Open hlnicholls opened 9 months ago

hlnicholls commented 9 months ago

Thank you for developing this package, it is very useful.

I am trying to plot a cnetplot with a color scale relating to my foldchange values.

Running the example code works as expected:

set.seed(123)
x <- list(A = letters[1:10], B=letters[5:12], C=letters[sample(1:26, 15)])
d <- setNames(rnorm(26), letters)
p2 <- cnetplot(x, foldChange=d) + 
  scale_color_gradient2(name='associated data', low='darkgreen', high='firebrick')

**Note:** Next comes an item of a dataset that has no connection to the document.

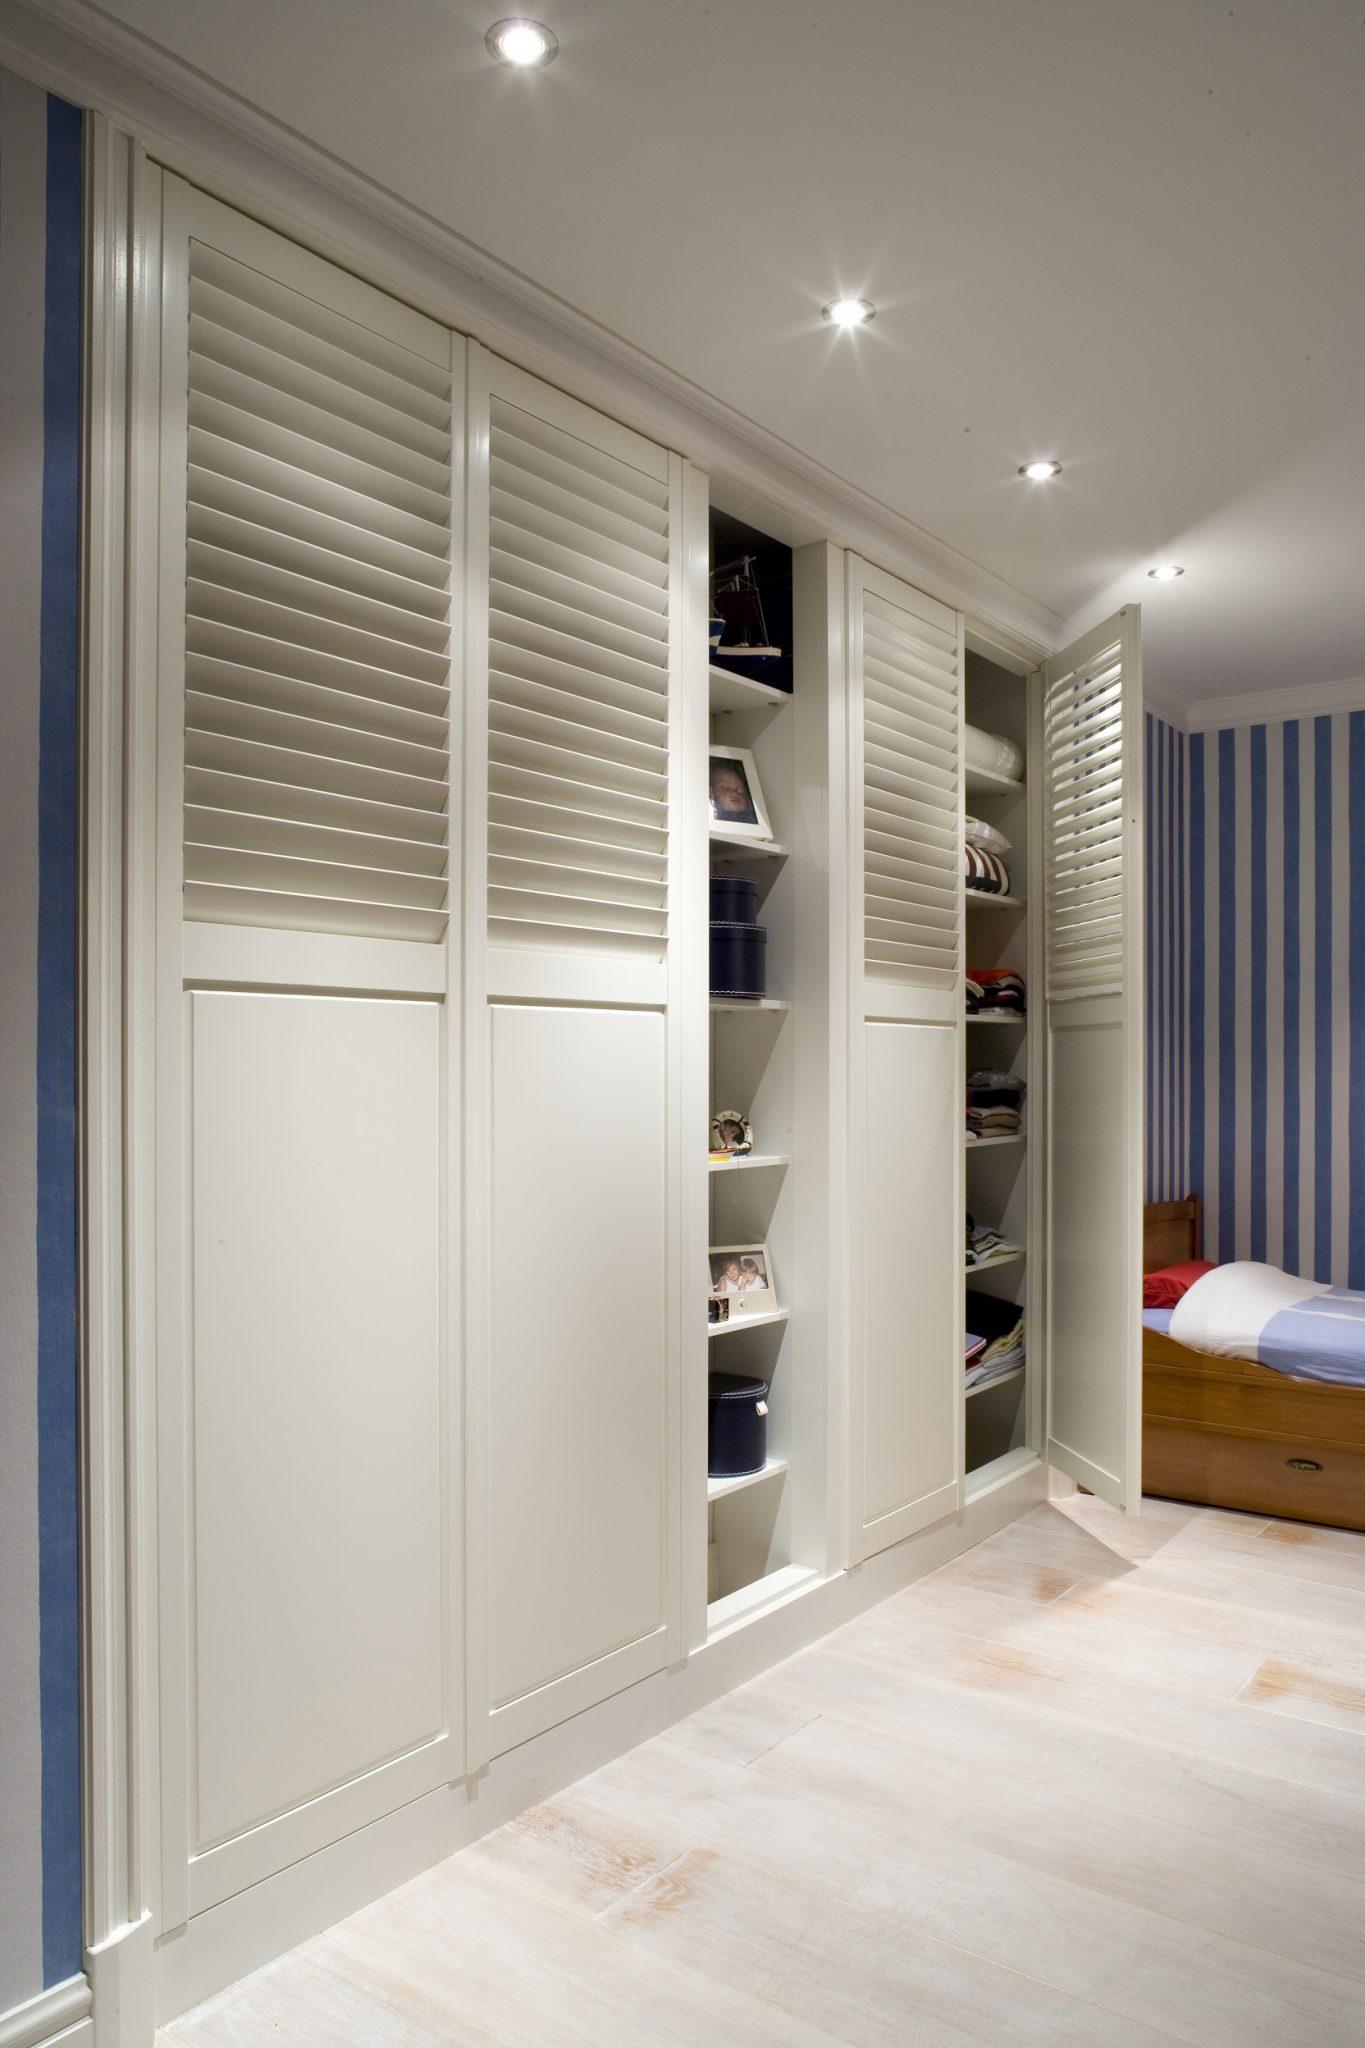 Wardrobe Door Shutter Gallery From S Craft

However, my version of x is not a list but an enrichResult. When I try to run that, the code gets an error:

kegg_organism = "hsa"
kegg_enrich <-  enrichKEGG(gene   = d$entrezgene_id,
                           organism     = 'hsa',
                           pvalueCutoff = 0.05,
                           pAdjustMethod = 'BH')

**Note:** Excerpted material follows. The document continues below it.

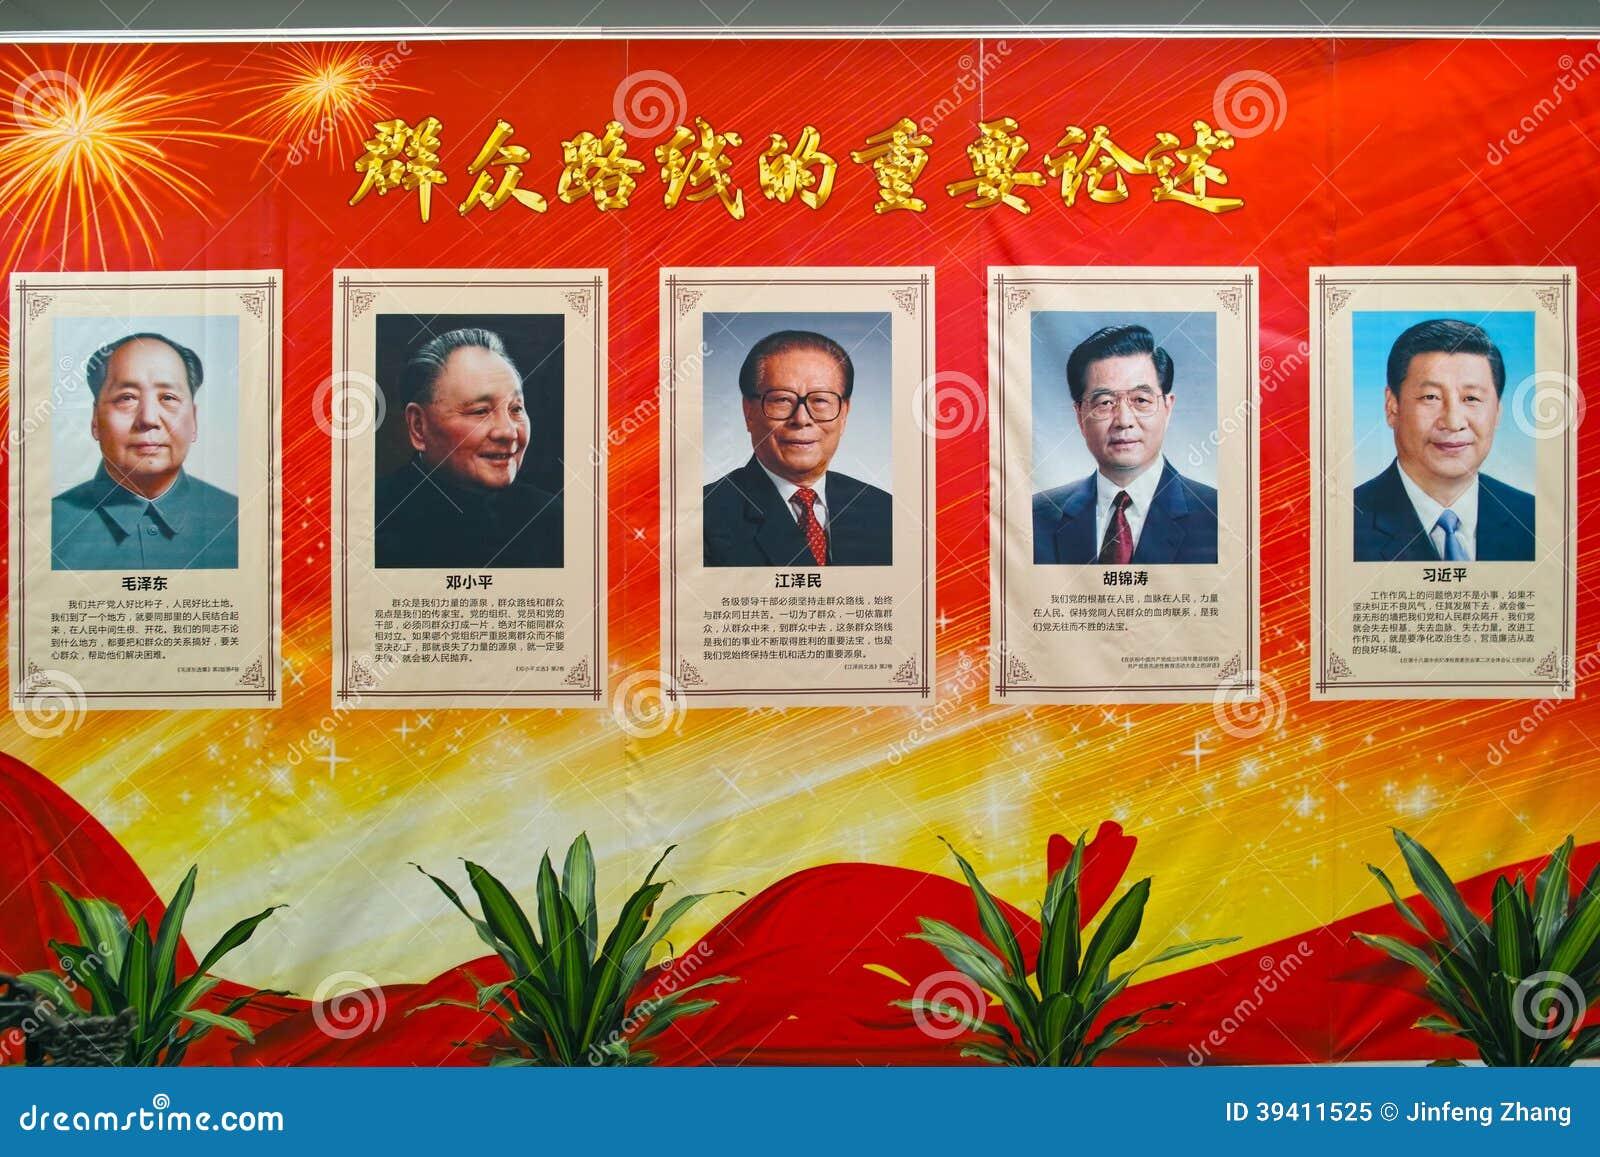 Portraits of China Communist leader

kegg <- setReadable(kegg_enrich, 'org.Hs.eg.db', 'ENTREZID')
kegg_genes <- kegg[,]
keggtop5 <- kegg_genes[order(kegg_genes$p.adjust),]
keggtop5 <- keggtop5[1:5,]
top5all <- enrichDF2enrichResult(keggtop5)
filtered_kegg_genes <- kegg_genes[!grepl("cancer", kegg_genes$Description, ignore.case = TRUE), ]
top5paths <- head(filtered_kegg_genes[order(filtered_kegg_genes$pvalue), ], 5)

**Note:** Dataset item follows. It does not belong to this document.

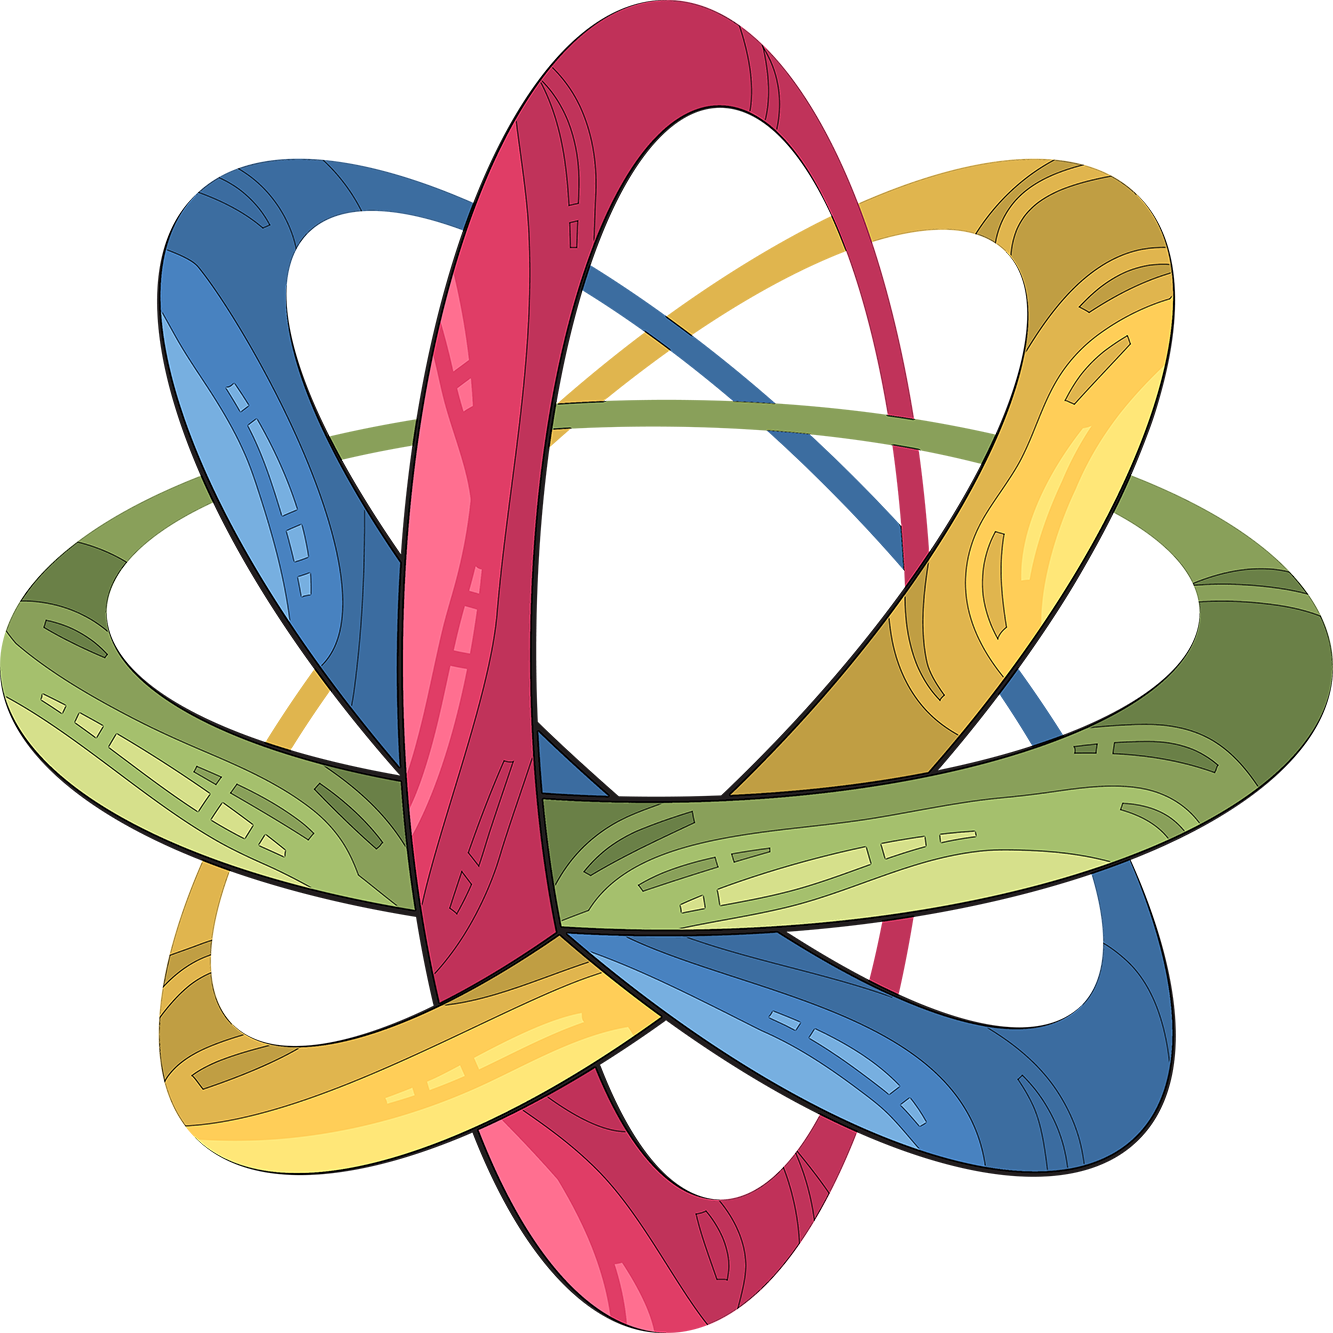 Science Tools Clip Art N4 free image.

top5all <- enrichDF2enrichResult(top5paths, pAdjustMethod='BH')

scores <- setNames(d$Median_PoPS, d$entrezgene_id)

p = cnetplot(top5all, showCategory = 5,
              foldChange=scores,
              scale_color_gradient2(name='associated data', low='steelblue', high='firebrick'))
Error in `layout_to_table()`:
! Unknown `layout`
Run `rlang::last_trace()` to see where the error occurred.

I have also tried:

> p = cnetplot(top5all,showCategory = 5,
+              foldChange=scores)
Scale for size is already present.
Adding another scale for size, which will replace the existing scale.
Warning message:
In cnetplot.enrichResult(x, ...) :
  Use 'color.params = list(foldChange = your_value)' instead of 'foldChange'.
 The foldChange parameter will be removed in the next version.

> 
> p = cnetplot(top5all,showCategory = 5,
+              color.params = list(foldChange = scores)
+              
+ )
Scale for size is already present.
Adding another scale for size, which will replace the existing scale.

These run but do not color code the nodes.

guidohooiveld commented 9 months ago

Your code in the 2nd code box, starting from the line kegg_genes <- kegg[,], looks very complex to me. So what exactly do you want to achieve here? Could you provide a reproducible example? Also note that (AFAIK) the function enrichDF2enrichResult is not part of clusterProfiler, but rather taken from a GitHub page called multienrichjam (here)?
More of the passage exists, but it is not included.